*** RECORDED INFORMATION ***

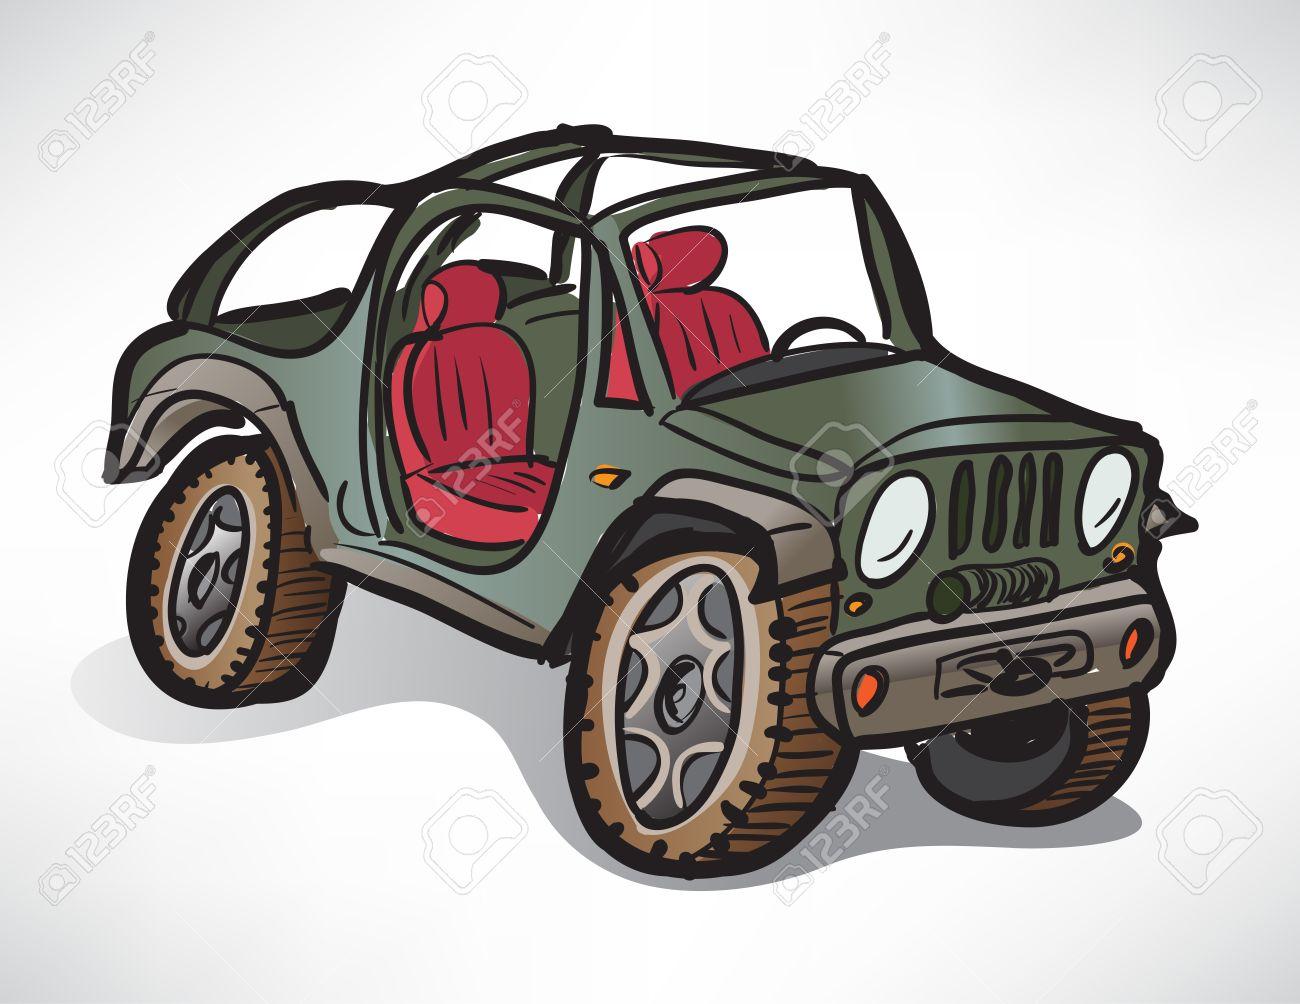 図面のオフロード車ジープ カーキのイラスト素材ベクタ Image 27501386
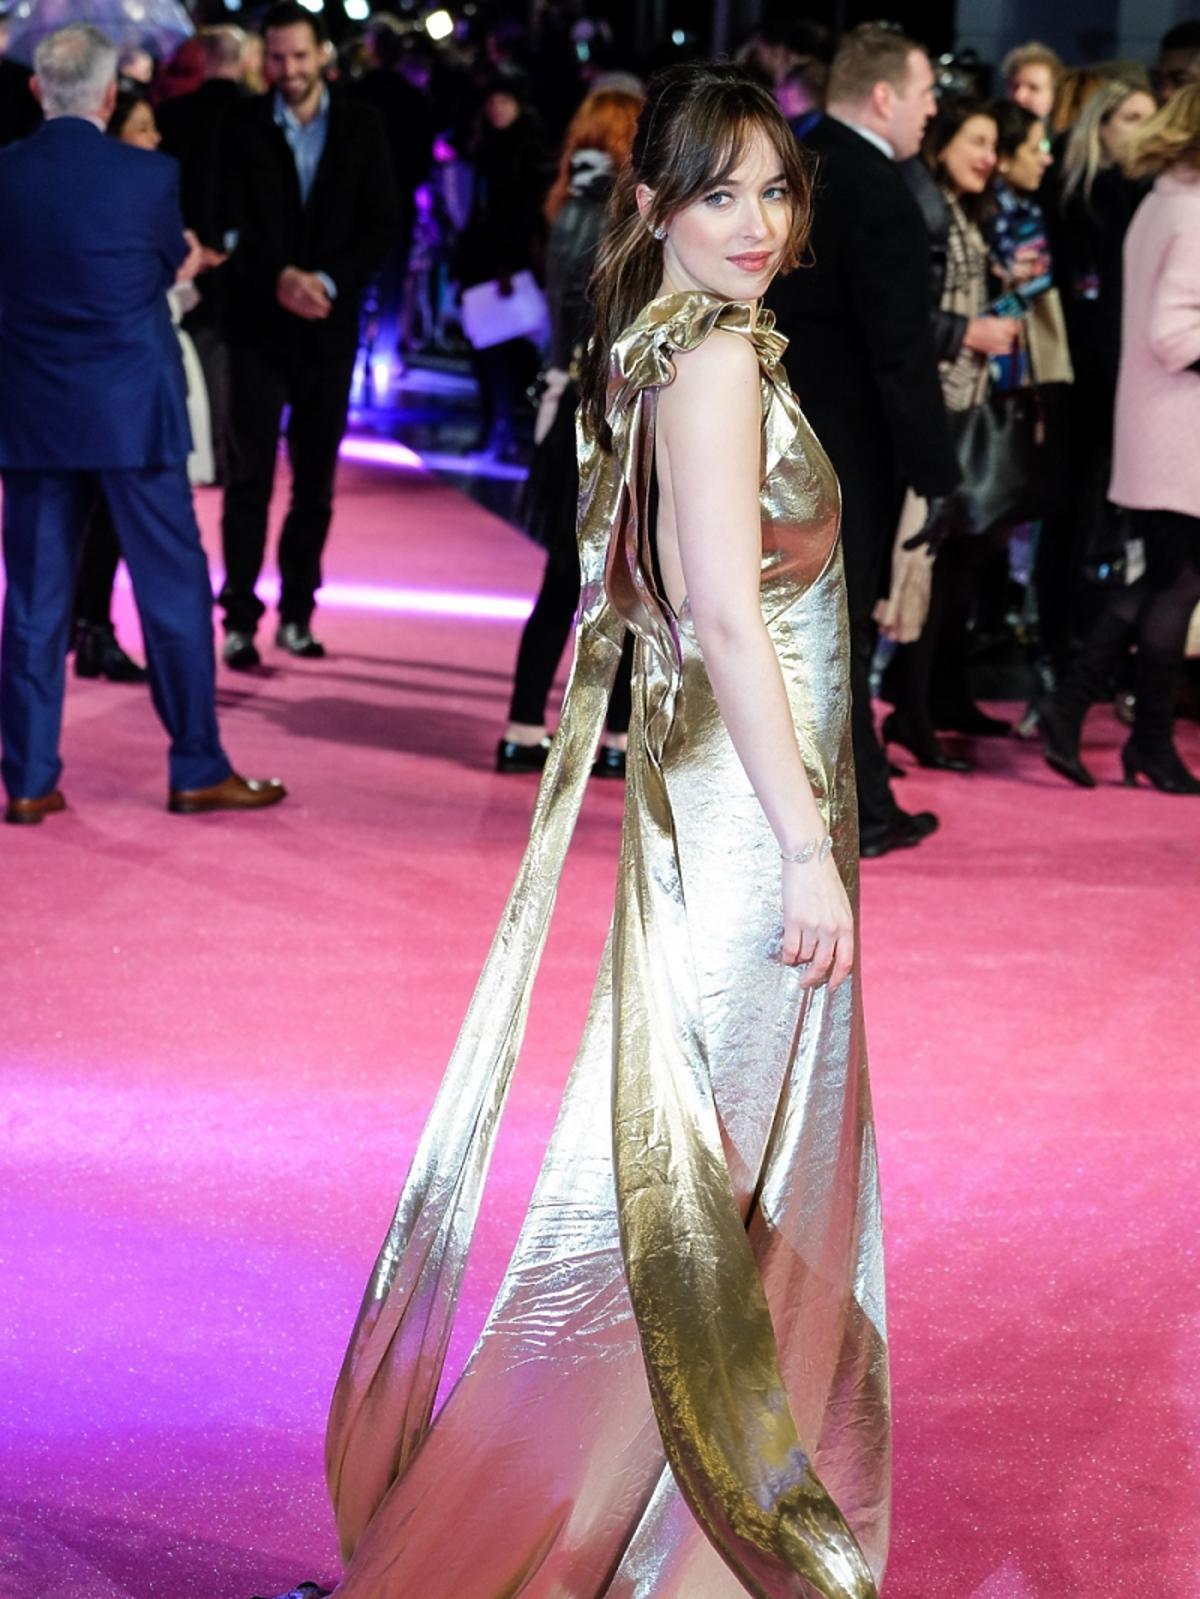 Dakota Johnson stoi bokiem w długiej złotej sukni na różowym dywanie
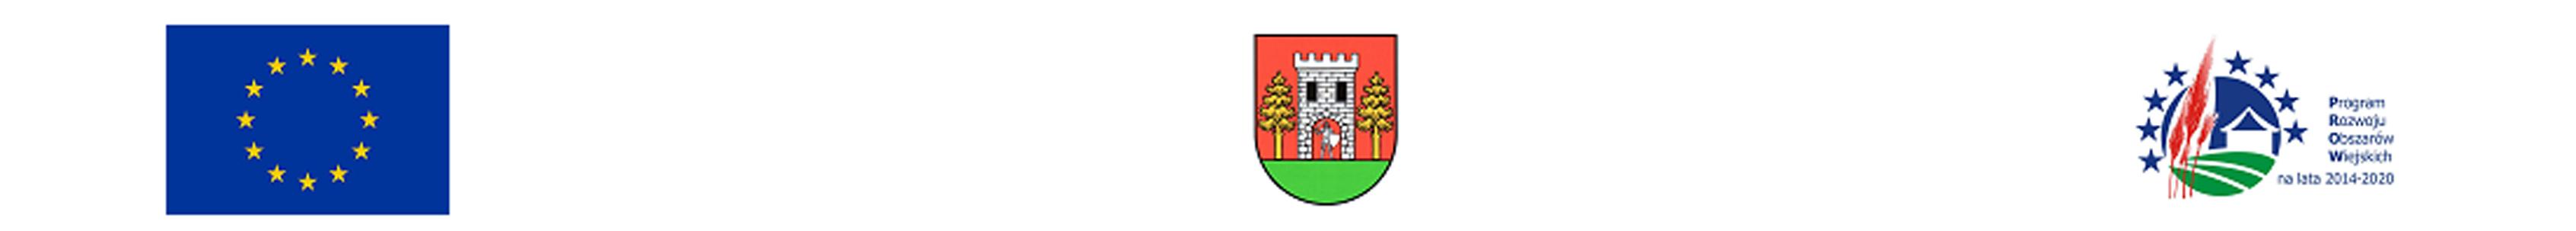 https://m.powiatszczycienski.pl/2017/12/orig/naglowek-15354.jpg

***

◆ PROBLEM TO SOLVE ◆
Leave the pictures out. Output exactly, and only, the lines from the one with "Dakota Johnson stoi" through the last line of the listing above, both included.

◆ SOLVED EXERCISE ◆
 Dakota Johnson stoi bokiem w długiej złotej sukni na różowym dywanie
 https://m.powiatszczycienski.pl/2017/12/orig/naglowek-15354.jpg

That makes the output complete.